Statistical data from tool compilecmp on Linux/amd64:
name                      old time/op       new time/op       delta
Template                        380ms ± 4%        385ms ± 3%  +1.16%  (p=0.000 n=50+49)
Unicode                         168ms ± 9%        169ms ± 9%    ~     (p=0.421 n=49+46)
GoTypes                         1.99s ± 4%        2.02s ± 4%  +1.48%  (p=0.000 n=49+49)
Compiler                        188ms ± 8%        188ms ± 9%    ~     (p=0.997 n=49+50)
SSA                             11.8s ± 2%        12.0s ± 2%  +1.24%  (p=0.000 n=48+50)
Flate                           242ms ± 6%        244ms ± 9%    ~     (p=0.307 n=46+49)
GoParser                        361ms ± 3%        366ms ± 4%  +1.23%  (p=0.000 n=48+49)
Reflect                         836ms ± 3%        842ms ± 3%  +0.70%  (p=0.004 n=48+48)
Tar                             335ms ± 3%        340ms ± 4%  +1.47%  (p=0.000 n=49+46)
XML                             432ms ± 4%        437ms ± 4%  +1.11%  (p=0.002 n=49+49)
LinkCompiler                    701ms ± 4%        704ms ± 5%    ~     (p=0.278 n=49+50)
ExternalLinkCompiler            1.83s ± 3%        1.84s ± 3%  +0.51%  (p=0.034 n=48+49)
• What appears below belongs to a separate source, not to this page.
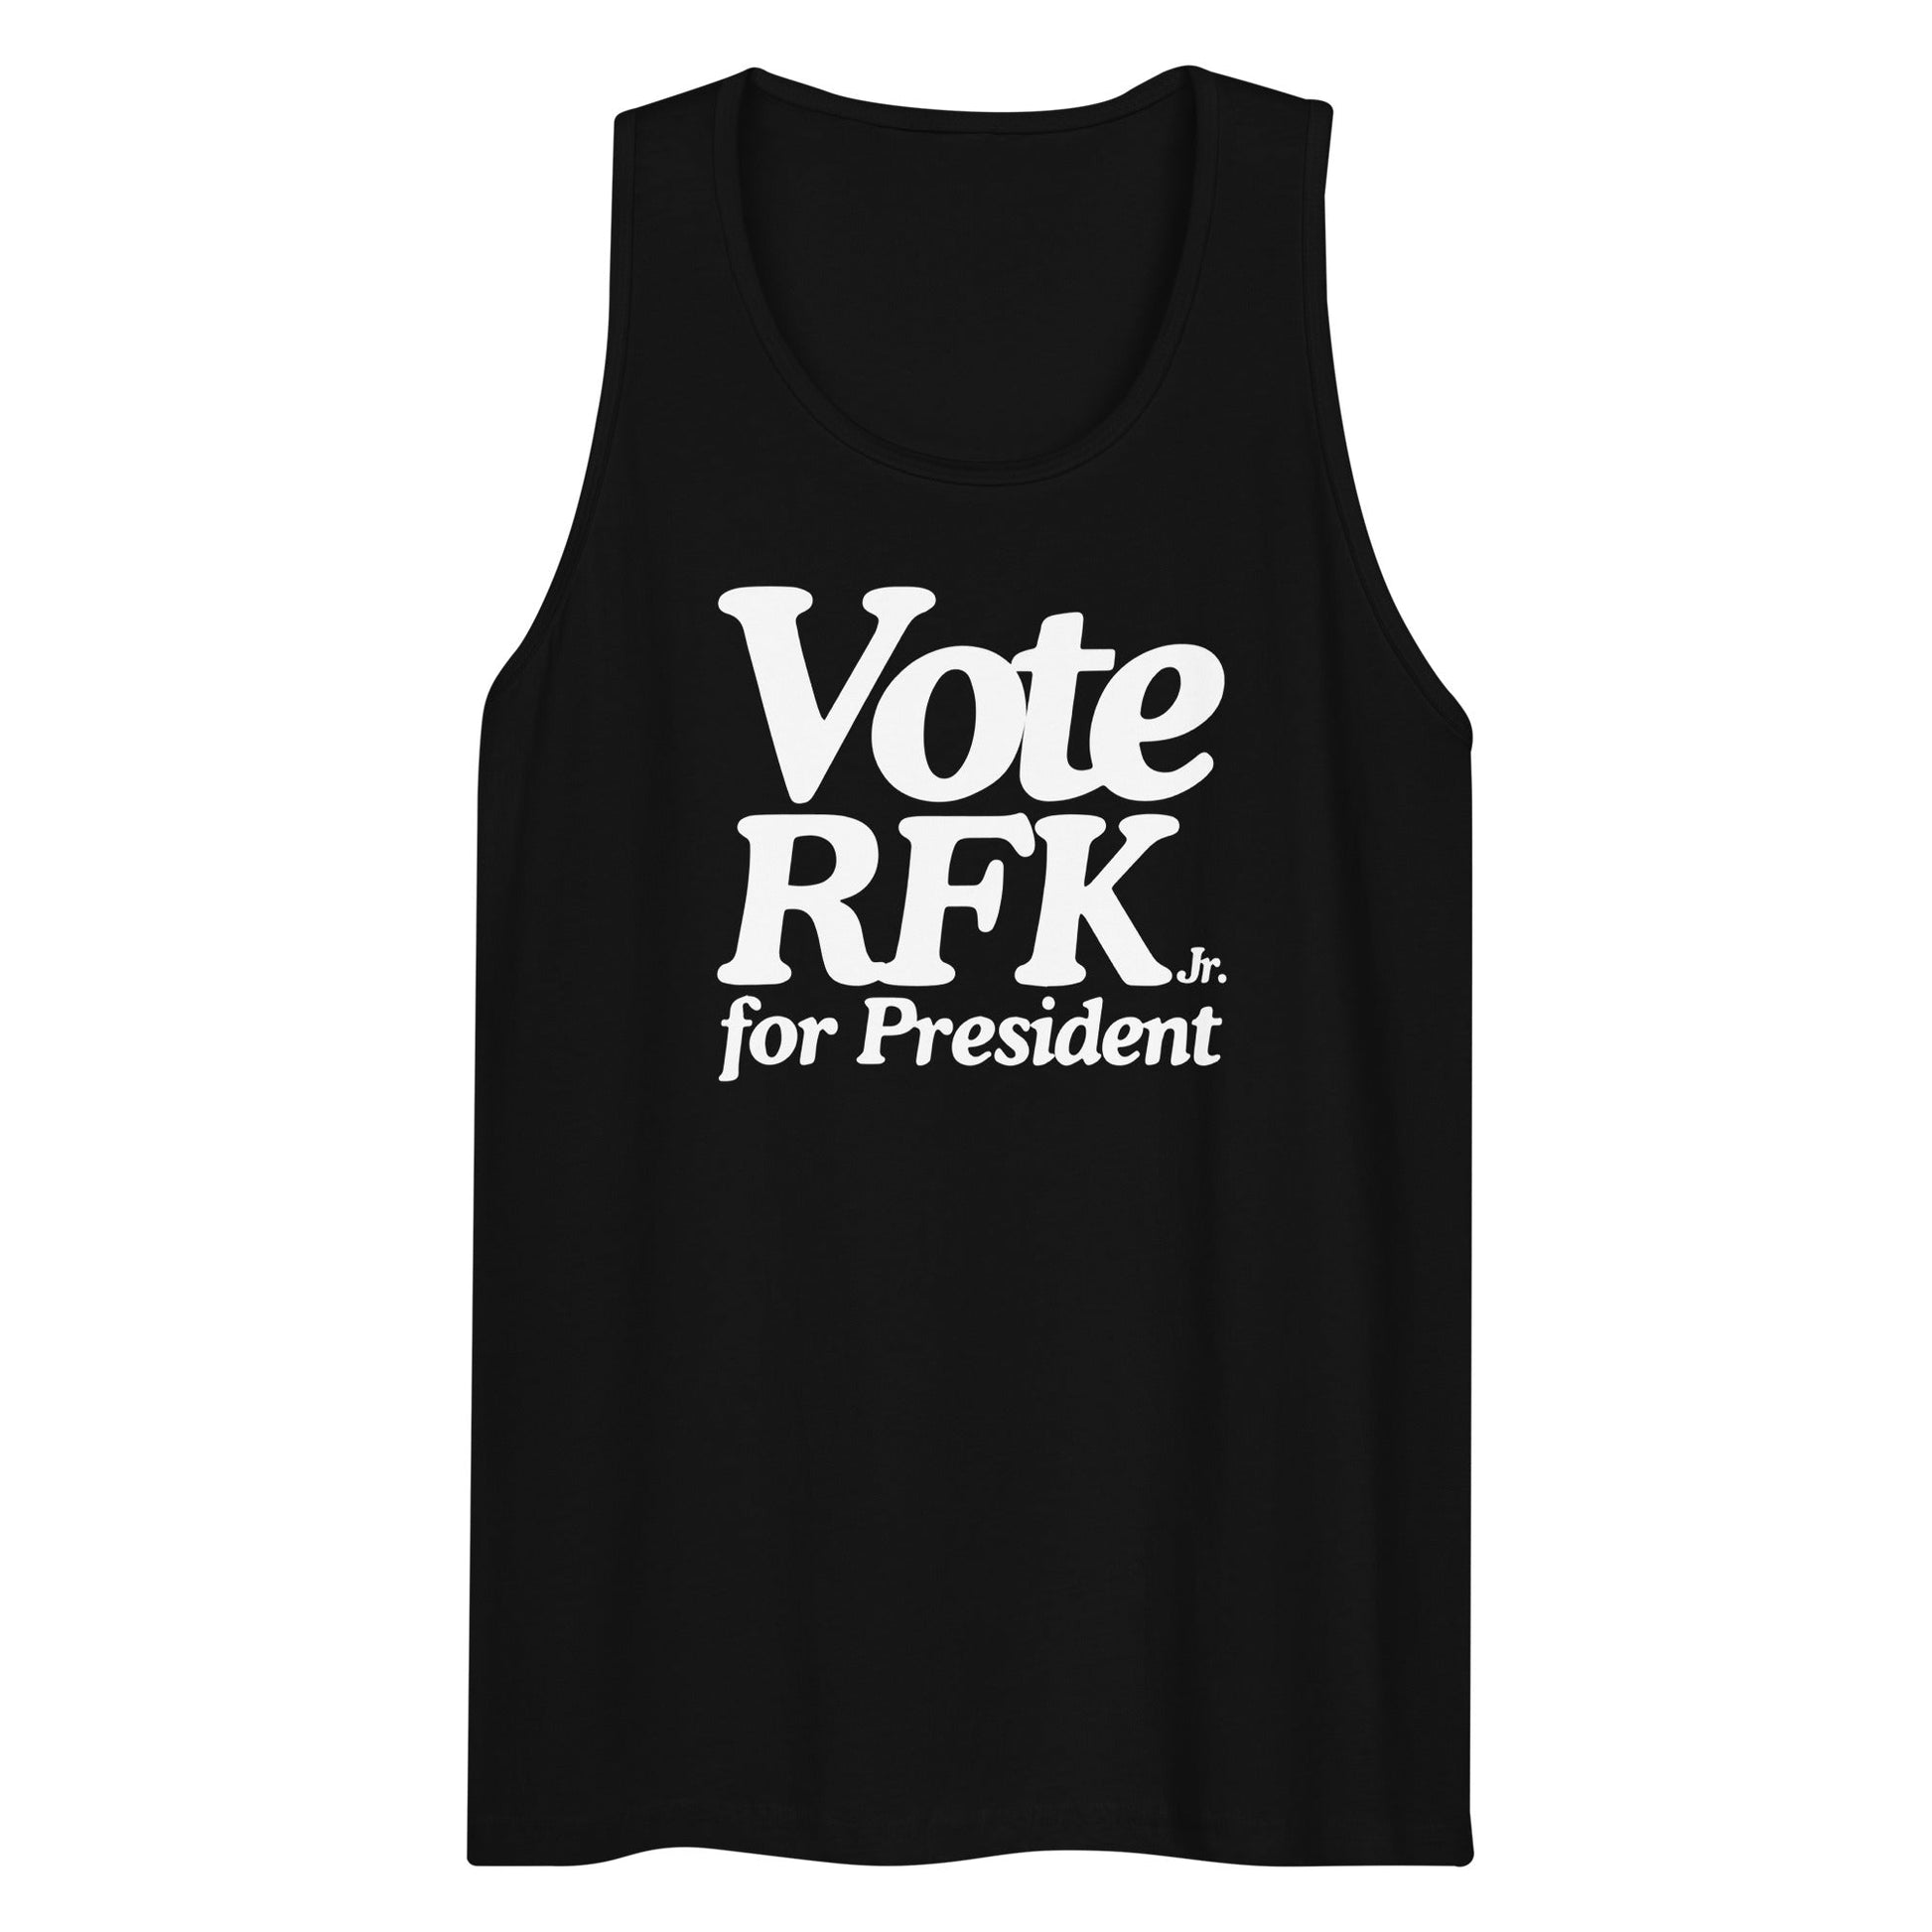 Vote RFK Jr. Men’s Tank Top - TEAM KENNEDY. All rights reserved

LinkWithoutDebugCompiler        436ms ± 6%        438ms ± 6%    ~     (p=0.419 n=48+49)
[Geo mean]                      612ms             617ms       +0.84%

name                      old alloc/op      new alloc/op      delta
Template                       38.7MB ± 1%       39.1MB ± 1%  +1.19%  (p=0.000 n=50+50)
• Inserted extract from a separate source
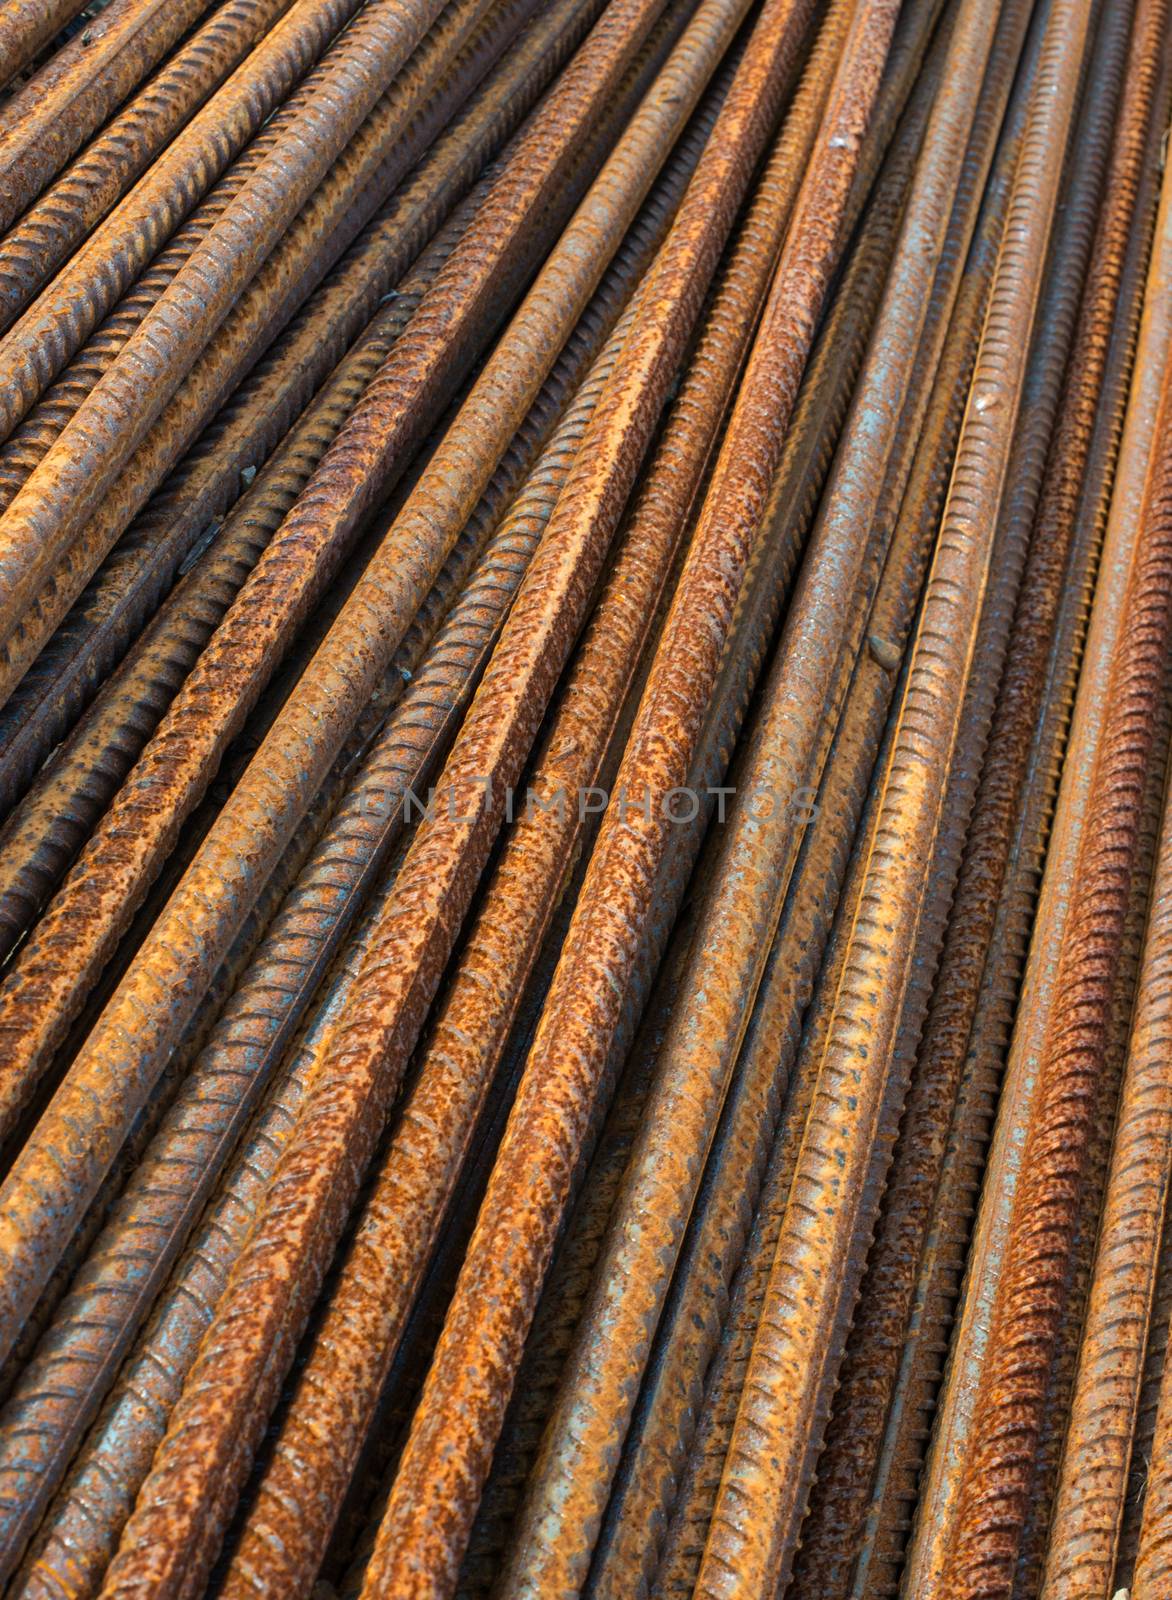 Stack of the metal rusty reinforcement bars.

Unicode                        28.1MB ± 0%       28.1MB ± 0%  +0.20%  (p=0.000 n=49+45)
GoTypes                         168MB ± 1%        170MB ± 1%  +1.05%  (p=0.000 n=48+49)
Compiler                       23.0MB ± 1%       23.1MB ± 1%  +0.63%  (p=0.000 n=50+50)
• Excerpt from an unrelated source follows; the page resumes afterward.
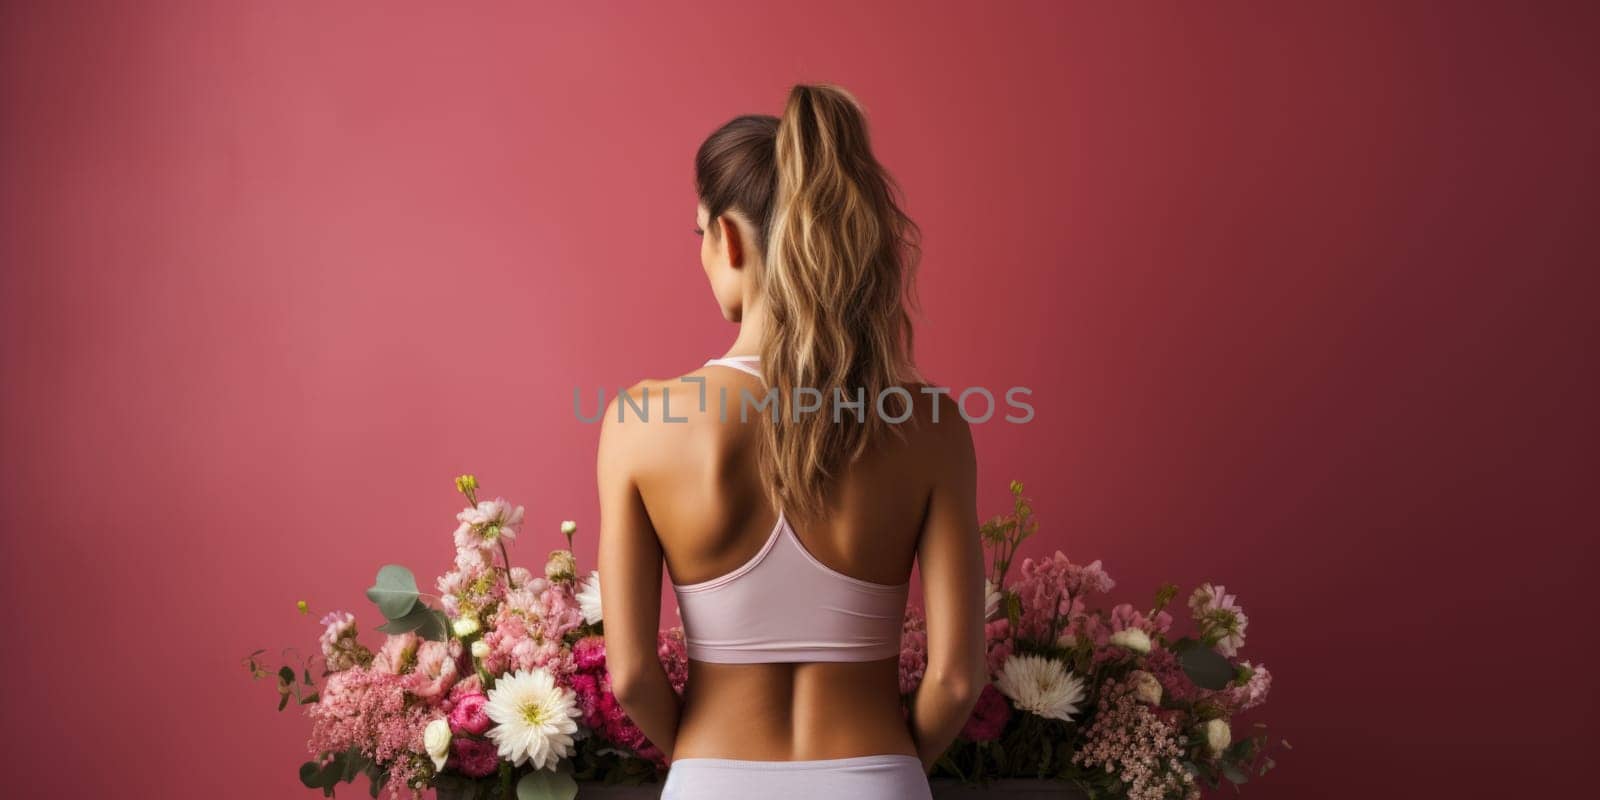 Woman Standing Beside Vase of Flowers by but_photo

SSA                            1.54GB ± 1%       1.55GB ± 1%  +0.85%  (p=0.000 n=50+50)
Flate                          23.6MB ± 1%       23.9MB ± 1%  +1.36%  (p=0.000 n=43+46)
GoParser                       35.0MB ± 1%       35.3MB ± 1%  +0.94%  (p=0.000 n=50+50)
Reflect                        84.7MB ± 1%       86.1MB ± 1%  +1.72%  (p=0.000 n=49+49)
Tar                            34.5MB ± 1%       34.9MB ± 1%  +1.07%  (p=0.000 n=47+48)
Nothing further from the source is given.